Сперва его поразила пуля, умело направленная вдохновителем политической интриги, под видом дуэли маскировавшей просто убийство. Когда же пуля не посмела взять насмерть великого человека, дело политического убийства завершила медицина. Неправильный метод лечения, не те мероприятия. Секретная инструкция врачу. И сто лет тому назад умирал от рук убийцы великий русский писатель Пушкин…
«Врача-убийцу», которому якобы была дана эта самая «секретная инструкция», звали Николай Федорович Арендт. Он был лейб-медиком, то есть личным врачом императора Николая Павловича.
Спустя 47 лет после того, как была написана процитированная статья Эйзенштейна, в 1983 году, в издательстве «Знание» вышла книга, скромно озаглавленная «История одной „болезни“». Автор этой книги – хирург, доктор медицинских наук – подробно исследует обстоятельства «болезни» и смерти Пушкина, рисует портреты врачей, которым выпало на долю наблюдать последние часы и минуты жизни Пушкина, по мере возможностей тогдашней медицины облегчить страдания умирающего.
Об Арендте в этой книге говорится так:
► Николай Федорович Арендт начинал свою хирургическую карьеру в качестве полкового доктора.

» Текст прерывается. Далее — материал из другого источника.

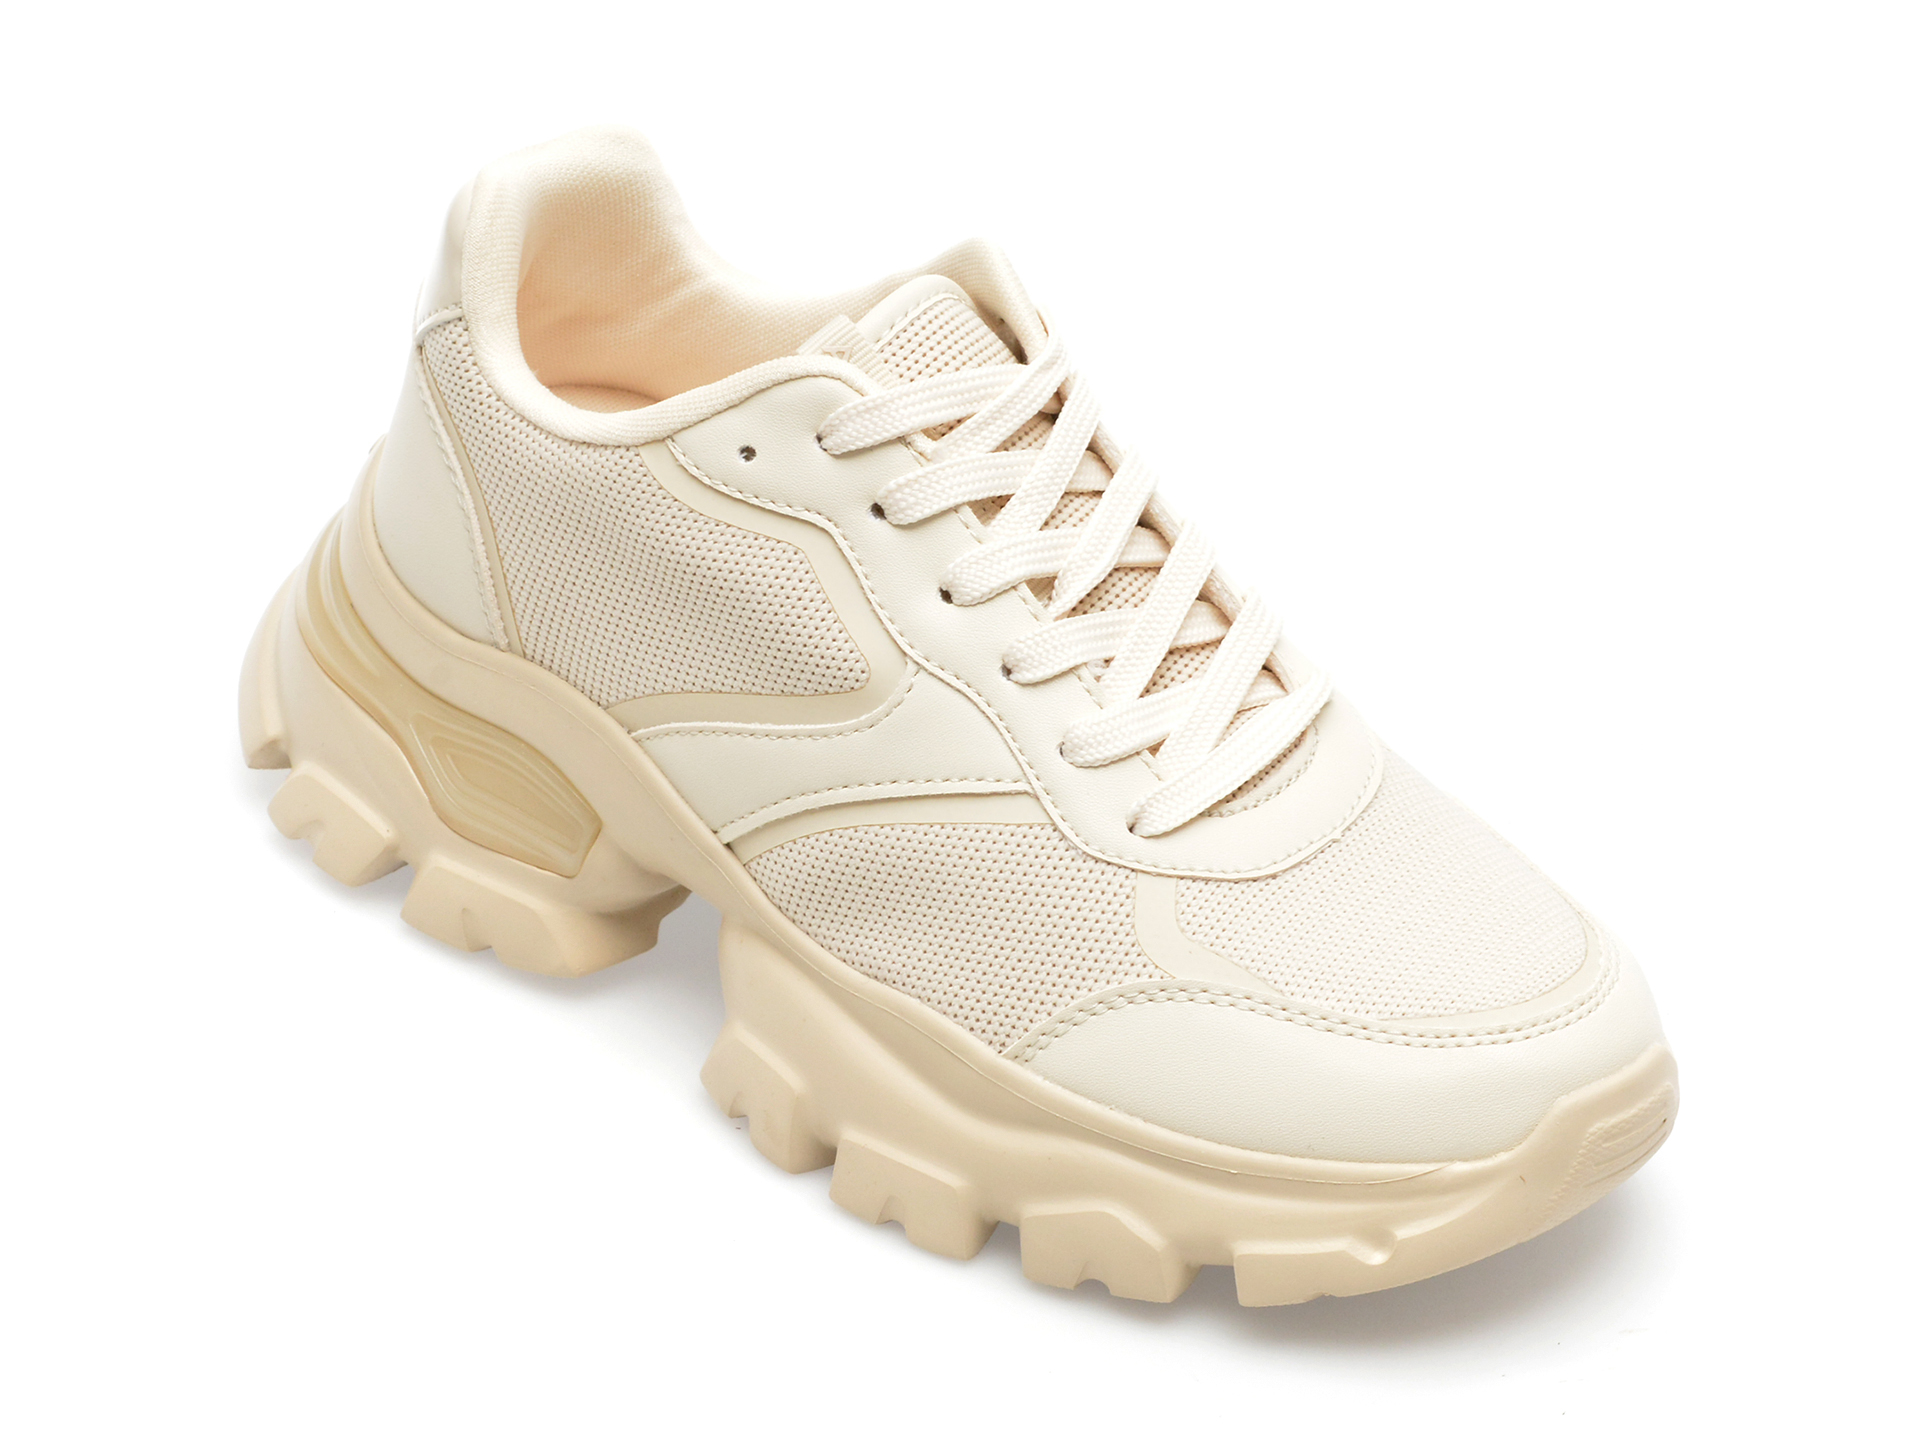 Pantofi ALDO argintii, ENZIA972, din material textil si piele ecologica

Участвуя в многочисленных сражениях, которые вела Россия в 1806–1814 годах, пройдя от Москвы до Парижа, он закончил войну в должности главного хирурга русской армии во Франции…
По мнению Н.И. Пирогова, Арендт в недостаточной степени обладал теми качествами, которые необходимы для успешной службы при дворе, чем резко отличался от его преемника, профессора Мандта – карьериста и царедворца.
«Н. Ф. Арендт был человеком другого разбора», – сказал в своих записках Н.И. Пирогов…
В 1855 году медицинская общественность торжественно отметила 50-летие врачебной деятельности Николая Федоровича Арендта, которому было присвоено символическое звания «Благодушный врач».
(Б. Шубин. История одной «болезни»)
Поскольку сегодня слово «благодушие» значит не совсем то, что оно обозначало в пушкинские времена, откроем словарь Даля и обратимся к тогдашнему, первоначальному его смыслу:
► Доброта души, любовные свойства души, милосердие, расположение к общему благу, добро, великодушие, доблесть, мужество на пользу ближнего, самоотвержение.
Вот какой человек был заклеймен позорным клеймом врача-убийцы!
Конечно, С. Эйзенштейн не обязан был дотошно изучить весь послужной список Н.Ф. Арендта. Он мог даже заблуждаться и насчет его нравственных качеств. В конце концов, он ведь не был ни врачом, ни историком медицины. Однако он и не принадлежал к той категории «публицистов», которые в хорошо памятные нам времена начинали свои «письма в редакцию» такой стереотипной фразой: «Я Пастернака не читал, но, как и все советские люди, возмущен…»
Сергей Михайлович Пастернака читал. И не только Пастернака. Прочел он на своем веку множество мудрых книг. Мог, кстати говоря, читать и записки Н.И. Пирогова. А уж историю царствования Николая Первого наверняка знал хорошо.
Нет-нет, отнюдь не недостаток образования побудил этого умного и талантливого человека обвинить беднягу Арендта в чудовищном злодеянии.
Да и Николая Павловича, каков бы он там ни был, тоже вряд ли следовало называть «вдохновителем политической интриги», целью которой было «просто убийство», маскируемое под дуэль.
С. Эйзенштейн был на десять голов выше этого своего запальчивого суждения. Но лицемером и приспособленцем он тоже не был. Он даже не был «первым учеником». Он лишь повторял то, что в ту пору твердили все:
…Наемника безжалостную руку
Наводит на поэта Николай!
Он здесь, жандарм! Он из-за хвои леса
Следит упорно, – взведены ль курки.
Глядят на узкий пистолет Дантеса
Его тупые скользкие зрачки.
(Эдуард Багрицкий)
Нет, это не был личный, субъективный, индивидуальный взгляд.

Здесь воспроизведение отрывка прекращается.